On the M/500, the first sequence would be

	jr ip
	addiu ip,ip,4

and execute in 2 cycles. (of course, the second instruction executes
in the branch delay slot of the first).

Likewise, the second would be

	jal <first word of definition>
	sw rl,(ip)

similarly.  (The jal instruction saves the return address in rl and the
second instruction again executes in the delay slot).

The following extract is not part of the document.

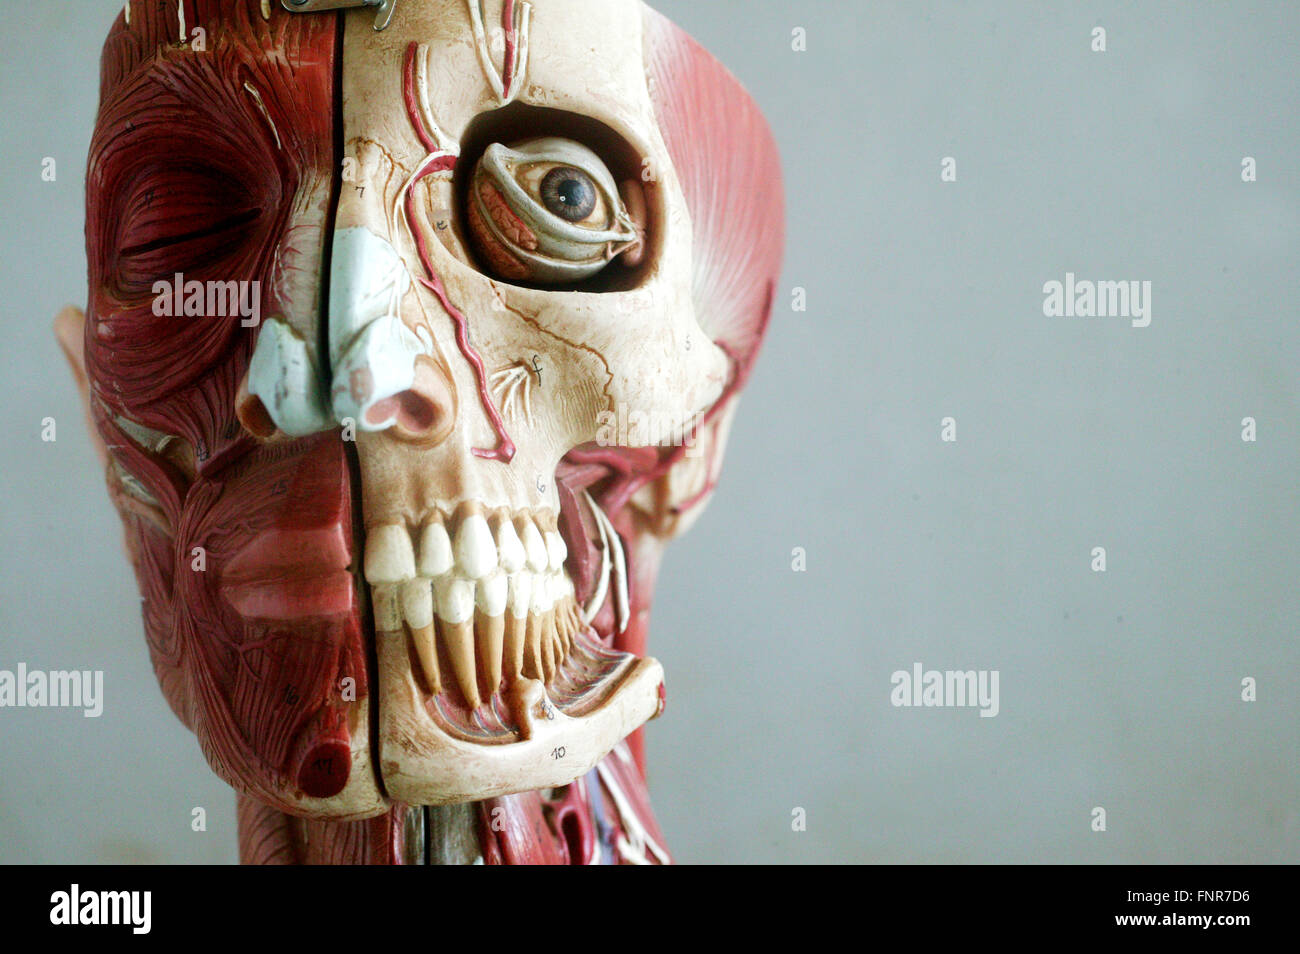 Anatomisches Modell zeigt die skelettalen und muskulären Strukturen des Gesichts. Stockfoto

On our M/500, the time taken is about 250 ns for each sequence.

Can anyone beat THAT?

tim@amdcad.UUCP (07/21/87)

In article <1946@aw.sei.cmu.edu> firth@bd.sei.cmu.edu.UUCP (PUT YOUR NAME HERE) writes:
+-----
| On our M/500, the time taken is about 250 ns for each sequence.
| 
| Can anyone beat THAT?
+-----
Now go to a faster cycle time, like the mips M/800 (62ns) or the Am29000
(40ns, simulated):

NEXT:
	jmpi	ip
	add	ip,ip,4

DOCOL:
	call	ret_addr, <first word of definition>
	store	ret_addr, ip


That's now 80ns for each sequence.  

You can also use the large register file of the Am29000 to cache the
FORTH parameter stack on-chip, so primatives like "+" can be written
like:

	plus:
		add	lr1, lr1, lr0	; perform add : nos <- nos + tos
		add	gr1, gr1, 4	; pop stack

instead of:

	plus:
		load	r0, (sp)
		load	r1, 4(sp)
		add	r1, r1, r0
		store	r1, 4(sp)
		add	sp, sp, 4

which has to go to memory 3 times.


	-- Tim Olson
	Advanced Micro Devices
	(tim@amdcad.amd.com)

jty@tut.fi (Nokari) (07/22/87)

In article <398@sugar.UUCP> peter@sugar.UUCP (Peter DaSilva) writes:
>> > #pragma asm PDP-11
>> > 	mov	(IP)+,WP	; anybody recognise this
>> > 	jmp	@(WP)+		; piece of code?
>> > #pragma C

How about

	mov	@(IP)+,PC

(And I think MOV is faster than JMP)

W-register? Who needs W-register?

.. sorry, couldn't resist..
-- 
Jyrki Yli-Nokari
Intrinsic, Ltd.  ---  "The creators of C-77, The Fortran-to-C translator"
jty@intrin.FI  - or -  YLI@FINTUTA.BITNET

pmk@hall.UUCP (07/31/87)

In article <1946@aw.sei.cmu.edu>, firth@sei.cmu.edu (Robert Firth) writes:
> In article <8326@utzoo.UUCP> henry@utzoo.UUCP (Henry Spencer) writes:
> >> 
> >> NEXT:
> >> 	jmp (IP)+
> >> 
> >> DOCOL:
> >> 	jsr (IP),<first word of definition>
> >
> >Given that that one instruction takes 1.68 us in the first case and 3.7 in
> >the second, this being on a relatively fast 11 (the 44), I would say it is
> >pretty easy to come up with a faster interpreter on something like a MIPS
> >machine...
> 
> On our M/500, the time taken is about 250 ns for each sequence.
> 
> Can anyone beat THAT?

Well, yes.  Cray-2 code for NEXT is:

	a1	0
	a2	1
	a1	a1+a.IP
	a.IP	a.IP+a2
	j	a1

and DOCOL is:

	a1	<first word of defn>
	r,a.IP	a1

It's faster than the M/500, but the hardware is a little more expensive.